TEX. CIV. PRAC. REM. CODE § 101.021 (Vernon 1997).
Neither the motor vehicle nor tangible property exceptions are applicable to Plaintiffs' claim for negligence against the City of Iowa Park. Plaintiffs have not alleged the injuries arose from the use of a motor-vehicle or motor-driven equipment as required for a waiver of immunity under § 101.021(1). Section 101.021(2), quoted above, is also inapplicable because information does not constitute tangible personal property under the Act. York, 871 S.W.2d at 178-9 (holding that failure to record information in patient's file does not constitute tangible personal property under the Act). In Washington v. City of Houston, a Texas Court of Appeals held that the use or nonuse of information in personnel files did not fall within the statutory language regarding the use or nonuse of tangible personal property. Washington v. City of Houston, 874 S.W.2d 791, 795-96 (Tex.App.-Texarkana 1994, no writ). In that case, a patient sued the City of Houston alleging the city's failure to maintain adequate personnel records about a physician led to the physician's ability to injure the patient. Id. at 795 ("[h]ad the City not been negligent . . . its officers would have noticed something in Titus's file that would have alerted them to his questionable character and to his propensity for questionable conduct with his patients.") Id. In addition to rejecting the patient's argument as having "no logical basis and . . . contrary to current [Texas] Supreme Court pronouncements," the Court commented on the underlying policy of avoiding countless claims brought every time someone is injured by a present or former government employee:
See also State Dept. of Pub. Safety v. Petta, 44 S.W.3d 575, 581 (Tex. 2001) (holding that information contained in policy and training manuals does not constitute tangible personal property under the Act); Dallas County v. Harper, 913 S.W.2d 207, 208 (Tex. 1995) (holding that information contained in indictment does not constitute tangible personal property under the Act).
[a]ll governmental entities maintain personnel files on their employees, and anyone injured by a governmental employee can very easily male the allegation that, had the government entity been more careful in its preparation and investigation of the employee's personnel file, it would have found something that would have alerted it to a danger in hiring and/or supervising the employee.Id. at 795-96.
As the Washington case illustrates, a city cannot be held liable under Texas law for the use or nonuse of information contained in its personnel files when the employee commits a tort while currently employed by the city. It follows that Iowa Park cannot be held liable for the use or nonuse of information contained in its personnel files when the employee no longer works for the City and is employed elsewhere when the torts were allegedly committed.
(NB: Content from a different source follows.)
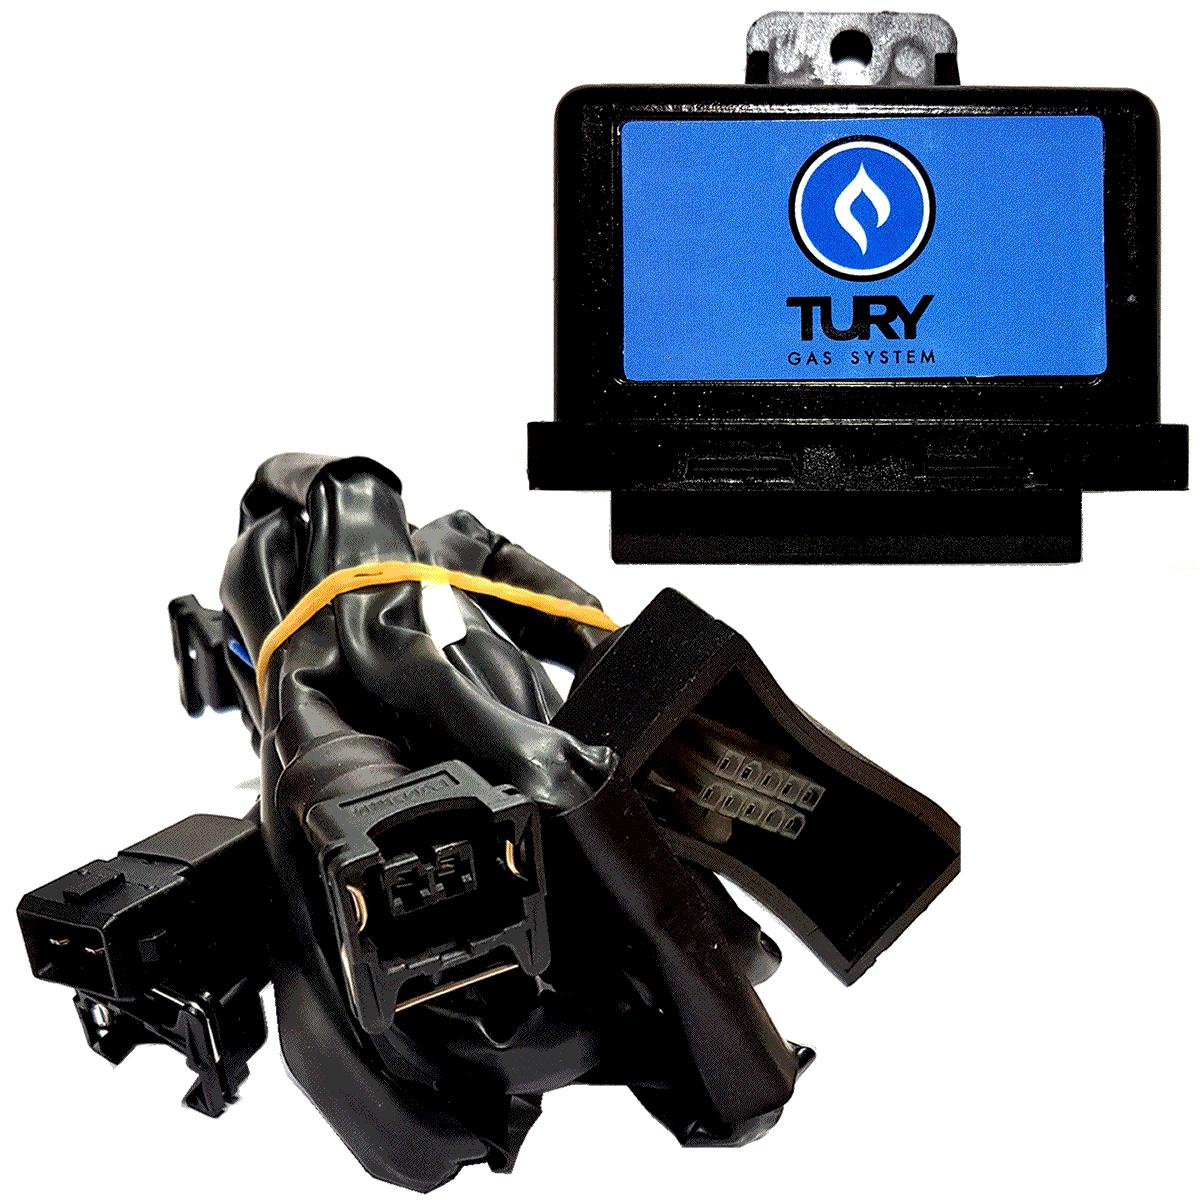 Emulador de 4 Bicos Kombi T54C c/Chicote Boxer TURY GAS

The negligent retention claim must also fail because McGuinn was not employed by Iowa Park when the torts were allegedly committed.
III. CONCLUSION
For the foregoing reasons, Defendant City of Iowa Park's Motion to Dismiss Plaintiffs' Original Complaint under Rule 12(b)(6) is hereby GRANTED. Plaintiffs' claims against the City of Iowa Park are DISMISSED WITH PREJUDICE.
Defendant City of Iowa Park's Motion for Summary Judgment (filed March 6, 2003) is DENIED AS MOOT.